Keywords: Sexual Orientation, Body Image, Males, Adolescence, Muscularity, Eating Disorders


Research on body image and eating disorder risk among males is nascent relative to the research on females, possibly due to the lower prevalence of anorexia and bulimia nervosa among males (Darcy & Lin, 2012; Swanson, Crow, Le Grange, Swendsen, & Merikangas, 2011). Males in general report lower levels of body dissatisfaction (Calzo et al., 2012; Neumark-Sztainer, Paxton, Hannan, Haines, & Story, 2006) and engage in fewer disordered weight-related behaviors (e.g., binge eating, purging) than females (Field, Camargo, Taylor, Berkey, & Colditz, 1999; Swanson et al., 2011). However, greater recognition that male appearance ideals and body image concerns differ from females has led to increased interest in male eating disorder risk (Cafri & Thompson, 2004; Pope, Phillips, & Olivardia, 2000). Rather than striving for thinness, males may be more likely than females to be concerned with muscularity (Smolak & Murnen, 2008; Thompson & Cafri, 2007). Western masculine appearance ideals center on both muscularity (muscle size, tone, and definition) and low levels of body fat to emphasize leanness (Cafri & Thompson, 2004; Jones & Crawford, 2005; McCreary & Sasse, 2000; Muth & Cash, 1997; Pope et al., 2000). Consistent with these ideals, data from the United States, Canada, and Australia indicate that underweight and overweight/obese adolescent males are more likely than healthy weight males to be dissatisfied with their bodies (Austin, Haines, & Veugelers, 2009; Calzo et al., 2012; Kostanski, Fisher, & Gullone, 2004). Just as the drive for thinness may motivate individuals to adopt deleterious health behaviors, such as fasting and purging (Stice, 1998), the pursuit of muscularity and low body fat percentage may motivate risky health behaviors such as overeating and steroid use (Cafri et al., 2005; Eisenberg, Wall, & Neumark-Sztainer, 2012; Rodgers, Ganchou, Franko, & Chabrol, 2012; Smolak, Murnen, & Thompson, 2005).

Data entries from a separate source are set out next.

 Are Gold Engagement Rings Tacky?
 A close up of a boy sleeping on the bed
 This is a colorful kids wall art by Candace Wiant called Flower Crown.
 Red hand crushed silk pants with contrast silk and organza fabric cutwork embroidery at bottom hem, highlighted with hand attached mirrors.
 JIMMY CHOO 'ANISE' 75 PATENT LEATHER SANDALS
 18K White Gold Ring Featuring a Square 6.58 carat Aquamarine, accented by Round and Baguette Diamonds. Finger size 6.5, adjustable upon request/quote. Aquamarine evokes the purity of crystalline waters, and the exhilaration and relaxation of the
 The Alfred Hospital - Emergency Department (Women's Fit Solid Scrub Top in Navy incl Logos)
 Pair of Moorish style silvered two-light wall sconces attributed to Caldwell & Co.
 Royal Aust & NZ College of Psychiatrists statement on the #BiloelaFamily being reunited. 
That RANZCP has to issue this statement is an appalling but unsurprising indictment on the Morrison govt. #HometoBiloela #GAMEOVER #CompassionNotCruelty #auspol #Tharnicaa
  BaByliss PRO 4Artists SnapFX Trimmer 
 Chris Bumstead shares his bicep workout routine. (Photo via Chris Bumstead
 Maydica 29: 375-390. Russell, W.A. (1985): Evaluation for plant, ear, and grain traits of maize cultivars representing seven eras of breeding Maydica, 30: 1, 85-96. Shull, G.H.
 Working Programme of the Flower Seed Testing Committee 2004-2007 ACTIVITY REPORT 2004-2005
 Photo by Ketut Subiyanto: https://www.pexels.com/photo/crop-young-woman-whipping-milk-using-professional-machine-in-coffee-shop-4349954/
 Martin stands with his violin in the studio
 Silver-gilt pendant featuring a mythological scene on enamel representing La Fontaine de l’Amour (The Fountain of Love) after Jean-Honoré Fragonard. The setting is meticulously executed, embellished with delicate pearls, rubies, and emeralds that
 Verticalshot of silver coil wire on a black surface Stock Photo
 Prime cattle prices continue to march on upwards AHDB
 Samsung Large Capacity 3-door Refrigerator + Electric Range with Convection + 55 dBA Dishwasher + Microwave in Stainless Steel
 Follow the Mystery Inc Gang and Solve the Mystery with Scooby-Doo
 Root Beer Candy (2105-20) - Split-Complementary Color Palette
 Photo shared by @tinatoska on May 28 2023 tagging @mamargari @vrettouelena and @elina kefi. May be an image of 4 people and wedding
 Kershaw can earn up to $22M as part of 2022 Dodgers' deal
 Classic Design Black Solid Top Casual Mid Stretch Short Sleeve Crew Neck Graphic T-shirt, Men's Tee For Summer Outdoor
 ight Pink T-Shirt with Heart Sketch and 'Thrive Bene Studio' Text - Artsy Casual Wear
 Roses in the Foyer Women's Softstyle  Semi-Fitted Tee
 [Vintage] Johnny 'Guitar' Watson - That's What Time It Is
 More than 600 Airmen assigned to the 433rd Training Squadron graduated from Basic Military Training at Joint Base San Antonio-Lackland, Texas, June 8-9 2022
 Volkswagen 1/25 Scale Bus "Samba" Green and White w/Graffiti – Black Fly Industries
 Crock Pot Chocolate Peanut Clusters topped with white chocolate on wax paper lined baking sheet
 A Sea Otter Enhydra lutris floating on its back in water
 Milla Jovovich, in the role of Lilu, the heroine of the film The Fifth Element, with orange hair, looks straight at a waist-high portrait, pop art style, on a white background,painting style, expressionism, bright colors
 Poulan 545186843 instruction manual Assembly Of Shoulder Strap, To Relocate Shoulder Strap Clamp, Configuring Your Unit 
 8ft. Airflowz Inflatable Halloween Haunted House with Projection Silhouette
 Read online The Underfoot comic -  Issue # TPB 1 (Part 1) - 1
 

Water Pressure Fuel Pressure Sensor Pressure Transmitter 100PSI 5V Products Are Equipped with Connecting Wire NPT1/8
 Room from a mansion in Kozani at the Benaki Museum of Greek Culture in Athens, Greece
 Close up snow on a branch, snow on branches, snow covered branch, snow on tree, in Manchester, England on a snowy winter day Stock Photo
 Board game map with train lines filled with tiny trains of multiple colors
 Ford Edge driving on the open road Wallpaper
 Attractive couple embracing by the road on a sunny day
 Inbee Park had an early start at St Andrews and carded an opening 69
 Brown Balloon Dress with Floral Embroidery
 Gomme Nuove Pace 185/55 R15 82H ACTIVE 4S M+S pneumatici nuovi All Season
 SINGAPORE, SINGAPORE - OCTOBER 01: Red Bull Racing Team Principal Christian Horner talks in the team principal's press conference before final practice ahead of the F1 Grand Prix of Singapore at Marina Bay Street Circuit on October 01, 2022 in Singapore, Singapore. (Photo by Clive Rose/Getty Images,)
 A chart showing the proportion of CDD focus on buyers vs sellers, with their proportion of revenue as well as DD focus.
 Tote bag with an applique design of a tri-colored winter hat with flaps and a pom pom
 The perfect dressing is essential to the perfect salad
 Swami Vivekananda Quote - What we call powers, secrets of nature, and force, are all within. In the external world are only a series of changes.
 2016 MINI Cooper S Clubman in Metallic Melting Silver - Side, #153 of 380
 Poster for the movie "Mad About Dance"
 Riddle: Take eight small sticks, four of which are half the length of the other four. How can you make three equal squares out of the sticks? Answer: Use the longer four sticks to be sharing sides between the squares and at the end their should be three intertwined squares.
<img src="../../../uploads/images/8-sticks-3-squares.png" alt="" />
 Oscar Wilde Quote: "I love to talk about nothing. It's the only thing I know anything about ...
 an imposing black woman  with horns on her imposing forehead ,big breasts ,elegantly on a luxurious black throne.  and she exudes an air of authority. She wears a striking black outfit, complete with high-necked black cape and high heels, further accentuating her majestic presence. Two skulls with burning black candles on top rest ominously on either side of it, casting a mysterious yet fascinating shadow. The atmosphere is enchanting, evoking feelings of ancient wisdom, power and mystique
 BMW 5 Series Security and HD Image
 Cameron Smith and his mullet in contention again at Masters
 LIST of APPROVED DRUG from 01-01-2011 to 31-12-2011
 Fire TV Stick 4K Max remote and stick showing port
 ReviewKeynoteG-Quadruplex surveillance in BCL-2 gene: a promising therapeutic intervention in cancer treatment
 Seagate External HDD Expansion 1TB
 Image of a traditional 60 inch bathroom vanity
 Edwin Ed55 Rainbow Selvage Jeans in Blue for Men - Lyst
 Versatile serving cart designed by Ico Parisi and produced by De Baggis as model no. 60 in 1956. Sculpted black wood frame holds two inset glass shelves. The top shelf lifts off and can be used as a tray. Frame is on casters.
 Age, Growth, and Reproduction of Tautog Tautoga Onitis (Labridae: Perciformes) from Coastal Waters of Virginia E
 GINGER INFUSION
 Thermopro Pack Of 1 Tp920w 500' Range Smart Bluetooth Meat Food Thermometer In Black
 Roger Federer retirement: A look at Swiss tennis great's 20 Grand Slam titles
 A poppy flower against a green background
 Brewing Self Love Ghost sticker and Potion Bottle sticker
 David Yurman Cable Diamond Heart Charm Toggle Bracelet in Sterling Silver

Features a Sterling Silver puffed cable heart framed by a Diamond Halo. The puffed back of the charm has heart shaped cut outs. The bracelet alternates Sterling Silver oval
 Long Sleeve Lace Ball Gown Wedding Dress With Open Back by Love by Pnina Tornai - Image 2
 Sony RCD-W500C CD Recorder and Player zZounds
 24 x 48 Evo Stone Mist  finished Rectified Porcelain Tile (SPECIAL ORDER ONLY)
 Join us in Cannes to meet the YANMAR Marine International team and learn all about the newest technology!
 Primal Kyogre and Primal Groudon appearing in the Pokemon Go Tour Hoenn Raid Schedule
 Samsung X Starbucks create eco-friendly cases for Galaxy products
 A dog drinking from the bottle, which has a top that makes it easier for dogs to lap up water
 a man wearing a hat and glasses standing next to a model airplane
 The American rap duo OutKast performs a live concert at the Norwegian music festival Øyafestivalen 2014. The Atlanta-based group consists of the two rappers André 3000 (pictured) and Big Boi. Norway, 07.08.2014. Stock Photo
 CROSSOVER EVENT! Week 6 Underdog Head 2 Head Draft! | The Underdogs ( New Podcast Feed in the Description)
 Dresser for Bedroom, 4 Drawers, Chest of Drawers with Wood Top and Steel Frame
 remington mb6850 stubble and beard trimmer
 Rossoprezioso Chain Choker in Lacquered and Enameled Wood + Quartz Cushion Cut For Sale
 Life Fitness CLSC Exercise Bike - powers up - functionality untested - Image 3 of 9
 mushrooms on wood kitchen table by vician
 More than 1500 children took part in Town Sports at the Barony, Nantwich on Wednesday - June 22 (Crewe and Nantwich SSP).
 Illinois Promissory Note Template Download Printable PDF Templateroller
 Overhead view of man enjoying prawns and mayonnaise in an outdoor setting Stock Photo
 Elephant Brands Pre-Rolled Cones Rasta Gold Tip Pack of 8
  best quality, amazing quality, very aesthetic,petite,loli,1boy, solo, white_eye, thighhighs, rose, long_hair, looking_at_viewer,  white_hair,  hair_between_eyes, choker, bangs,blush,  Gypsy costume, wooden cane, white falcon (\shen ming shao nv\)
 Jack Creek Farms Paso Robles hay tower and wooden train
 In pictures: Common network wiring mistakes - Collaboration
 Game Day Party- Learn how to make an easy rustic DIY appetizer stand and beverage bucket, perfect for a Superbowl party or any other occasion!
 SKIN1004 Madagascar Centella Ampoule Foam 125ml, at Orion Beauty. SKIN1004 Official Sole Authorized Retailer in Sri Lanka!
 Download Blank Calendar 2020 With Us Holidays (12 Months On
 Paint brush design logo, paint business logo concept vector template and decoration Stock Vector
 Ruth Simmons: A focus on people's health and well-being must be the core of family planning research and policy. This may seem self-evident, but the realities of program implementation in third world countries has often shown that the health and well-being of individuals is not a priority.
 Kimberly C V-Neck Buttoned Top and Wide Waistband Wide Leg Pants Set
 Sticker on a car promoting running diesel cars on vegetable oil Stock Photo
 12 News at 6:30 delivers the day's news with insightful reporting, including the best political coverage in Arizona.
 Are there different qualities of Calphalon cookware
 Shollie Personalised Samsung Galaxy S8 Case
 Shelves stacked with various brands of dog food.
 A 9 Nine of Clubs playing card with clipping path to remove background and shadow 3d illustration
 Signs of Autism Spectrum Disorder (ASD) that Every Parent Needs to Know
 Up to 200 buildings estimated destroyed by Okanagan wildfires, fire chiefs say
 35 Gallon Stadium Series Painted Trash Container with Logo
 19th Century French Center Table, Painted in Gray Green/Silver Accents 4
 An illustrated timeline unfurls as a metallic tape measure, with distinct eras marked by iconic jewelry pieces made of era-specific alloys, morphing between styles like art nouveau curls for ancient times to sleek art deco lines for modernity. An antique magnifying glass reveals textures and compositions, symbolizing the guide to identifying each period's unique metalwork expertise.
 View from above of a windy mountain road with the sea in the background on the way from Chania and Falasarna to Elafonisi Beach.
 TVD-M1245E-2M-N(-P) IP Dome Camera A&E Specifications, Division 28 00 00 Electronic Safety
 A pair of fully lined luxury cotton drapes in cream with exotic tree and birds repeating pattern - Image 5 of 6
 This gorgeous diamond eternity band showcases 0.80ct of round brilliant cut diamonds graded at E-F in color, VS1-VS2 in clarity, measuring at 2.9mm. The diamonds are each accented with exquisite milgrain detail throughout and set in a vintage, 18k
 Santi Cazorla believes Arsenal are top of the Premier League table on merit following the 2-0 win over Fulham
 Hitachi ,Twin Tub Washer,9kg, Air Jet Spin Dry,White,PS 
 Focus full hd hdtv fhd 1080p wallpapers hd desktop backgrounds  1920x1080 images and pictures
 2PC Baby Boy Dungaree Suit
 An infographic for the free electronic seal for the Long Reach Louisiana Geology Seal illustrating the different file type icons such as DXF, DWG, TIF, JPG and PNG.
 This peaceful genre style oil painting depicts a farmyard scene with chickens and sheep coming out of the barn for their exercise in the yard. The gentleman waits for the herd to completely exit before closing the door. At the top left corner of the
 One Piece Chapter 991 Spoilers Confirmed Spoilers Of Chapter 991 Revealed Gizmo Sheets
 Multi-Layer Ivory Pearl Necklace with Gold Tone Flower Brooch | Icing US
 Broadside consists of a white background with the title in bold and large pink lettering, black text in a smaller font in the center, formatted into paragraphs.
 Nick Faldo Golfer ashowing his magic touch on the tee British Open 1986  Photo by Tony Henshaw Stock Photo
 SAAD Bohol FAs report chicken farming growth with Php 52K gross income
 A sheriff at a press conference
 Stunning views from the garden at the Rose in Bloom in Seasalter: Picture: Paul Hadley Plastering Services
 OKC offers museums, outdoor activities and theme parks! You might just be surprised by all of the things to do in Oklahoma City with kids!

Identifying developmental patterns of male body image concerns and associated behaviors can help generate models of eating disorder risk assessment, prevention, and treatment that are relevant to the experiences of boys and men. One area that has received considerable focus is the role that sexual orientation may play in modifying the development and expression of male body image concerns and behaviors. Sexual minority (i.e., gay, bisexual, mostly heterosexual) males are more likely than heterosexual males to be diagnosed with clinical eating disorders, to be dissatisfied with their bodies, to be concerned with weight and shape, and to engage in a range of disordered weight-related behaviors (Andersen, 1999; Austin et al., 2004; Blashill, 2010; Calzo, Corliss, Blood, Field, & Austin, 2013; Carlat, Camargo, & Herzog, 1997; Kaminski, Chapman, Haynes, & Own, 2005; Kane, 2010). Sexual orientation disparities in concerns and behaviors may emerge through multiple processes, including different appearance ideals in heterosexual and sexual minority social contexts (Bruce & Harper, 2011; Kane, 2010), or level of internalization and conformity to masculinity and femininity ideologies (Blashill, 2011; Blashill & Vander Wal, 2009). It is also possible that negative body image among sexual minority males is related to identity-related stigma and that disordered weight- and shape-related behaviors are adopted and reinforced as methods of coping with stress (Bruce & Harper, 2011; Meyer, 2003).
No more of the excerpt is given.